Episode 203. The one time you should stay in your own lane

 
 
 
 
 
 
 

In this episode, let’s go deeper into the concept of "staying in your own lane," building on last week's discussion about its potential harm when imposed on others. We’ll explore the nuanced perspective of when it's appropriate to embrace this mentality, particularly in the context of personal growth and innovation.

Nuanced Perspective:

I acknowledge the gray areas, recognizing both the dangers of projecting "stay in your own lane" onto others and its value in fostering authenticity and innovation. It's crucial to resist blindly conforming to industry norms while carving out our own paths authentically, especially when we see alternative, more efficient approaches.

Examples and Insights:

Drawing from my time in the doula industry, I illustrate the importance of courage and innovation in breaking away from conventional practices. From there, I expand the discussion to motherhood, where societal expectations often butt heads with our own unique needs. Goal: flex your discernment and create your own realities.

Navigating Industries:

I share personal reflections on removing myself from toxic environments and cultivating a tailored approach to business and life, particularly along my entrepreneurial journey. Heavy on maintaining focus amidst industry noise and controversies, and staying true to our missions and values.


Additional links and things:

  1. Try Honeybook & get 25% off:⁠ https://share.honeybook.com/nichole35768⁠

  2. Try Descript with my link: ⁠ https://get.descript.com/c9non205vptz⁠

  3.  Ways to work with Nichole: https://www.nicholejoy.com/more

  4. Connect with me on Instagram: ⁠ https://www.instagram.com/nichole_joy__/⁠

Subscribe to the show:

iTunes

Google

Spotify

Audible


Transcript:​

If you listened to episode 202 from last week, I talked about when it can be problematic and harmful to tell somebody to stay in their own lane. And throughout this last week, since I published the episode, I've really been thinking a lot about what it means to stay in your own lane. And I want to add a bit to this conversation.

I want to add a nuance, add a layer When is the right time to stay in your own lane? Because there actually is a right time. And I should preface this with, I am somebody who has a hard time seeing most things as black or white. I always can see the gray.

And in this particular conversation, when it comes to staying in your own lane, yes, , I think it can be harmful to tell other individuals or to project that onto someone else that they should stay in their own lanes when it comes to their artistic work or their expressions, the way that they do their work in the world, whatever that is.

But when you are looking at yourself, when you're creating your own life, when you are cultivating, Your experience and working on being fully expressed as an individual, whether that's in your business or in your parenting experience or your exercise routine, whatever it is, whatever department of life.

I think sometimes it can be really helpful to stay in your own lane, particularly when there's loud noise and people around you who tried to do the projection, who perhaps in your industry are telling you this should be done this way, . And you are somebody who you can see something different or you recognize that there's another option out there.

There's something else that's more efficient. There's something else that isn't being done the way that everybody else in a particular industry, for example, is doing it. If you were staying in that lane and doing things the way everybody else did them, then that is really a detriment to the people who are served by your industry. As an entrepreneur, who's working on being fully expressed, carve out your own lane.

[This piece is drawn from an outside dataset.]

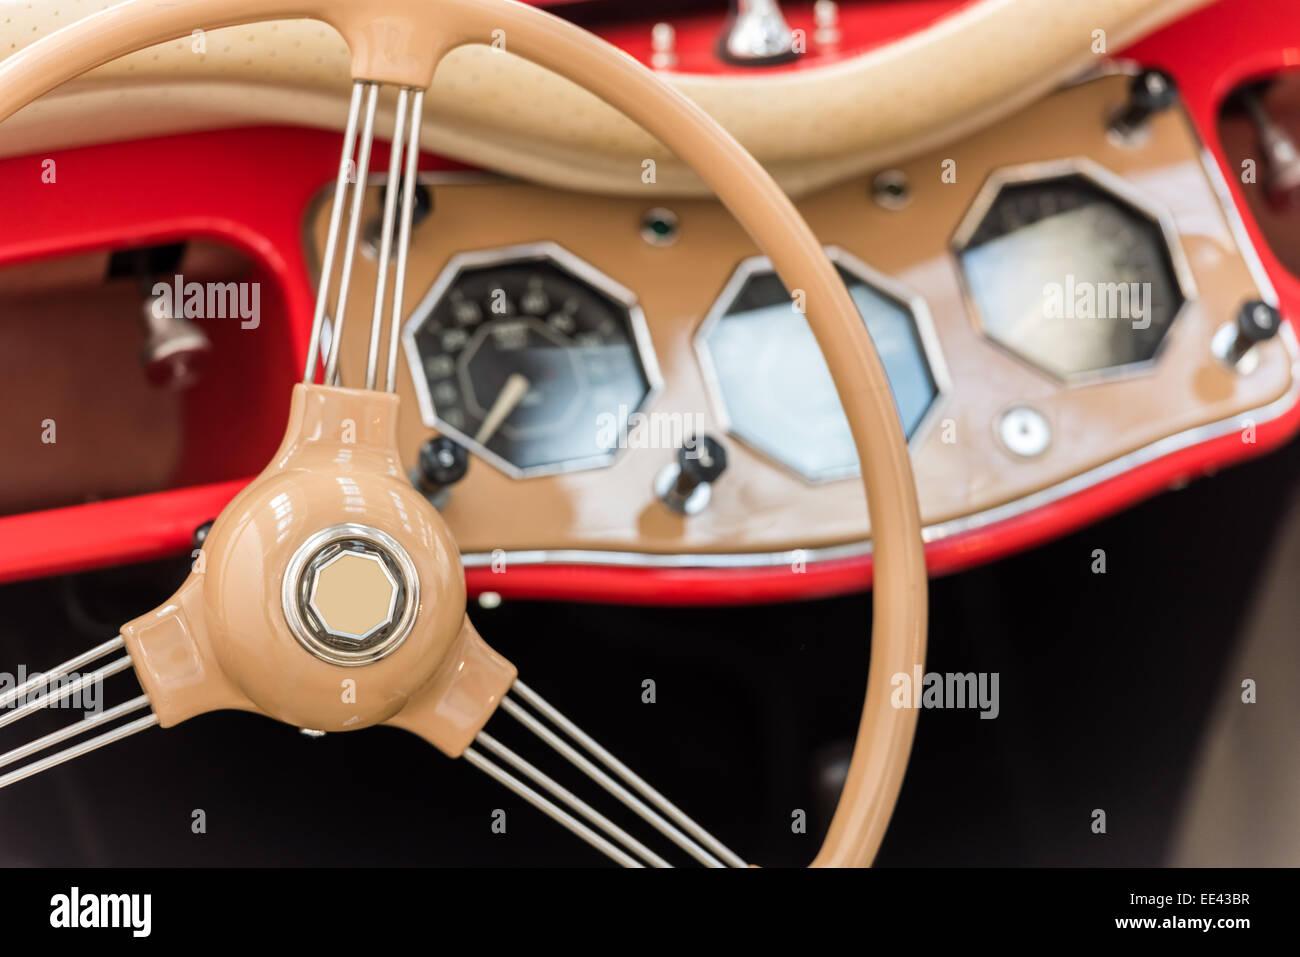 Vintage Car Interior With Retro Dashboard Stock Photo 77537147 Alamy

It helps you to tune out the noise

and effectively create your own lane. Because you're not supposed to do everything the way everybody else in your industry. Does it, you don't have to do it that way unless it vibes with you, unless it feels correct. Let's look at the doula industry. For example, for a long time, the accepted way of doing doula work was two prenatals, maybe phone support or email support, and then being at the birth.

And possibly one followup visit. Right. But I have been working with. Doulas for a long time and other people, right? People in other industries that are like, you know what? That just doesn't feel correct to me. That doesn't fit. Even when I first got into the industry, I pretty early on knew that being at births was not going to be the thing for me.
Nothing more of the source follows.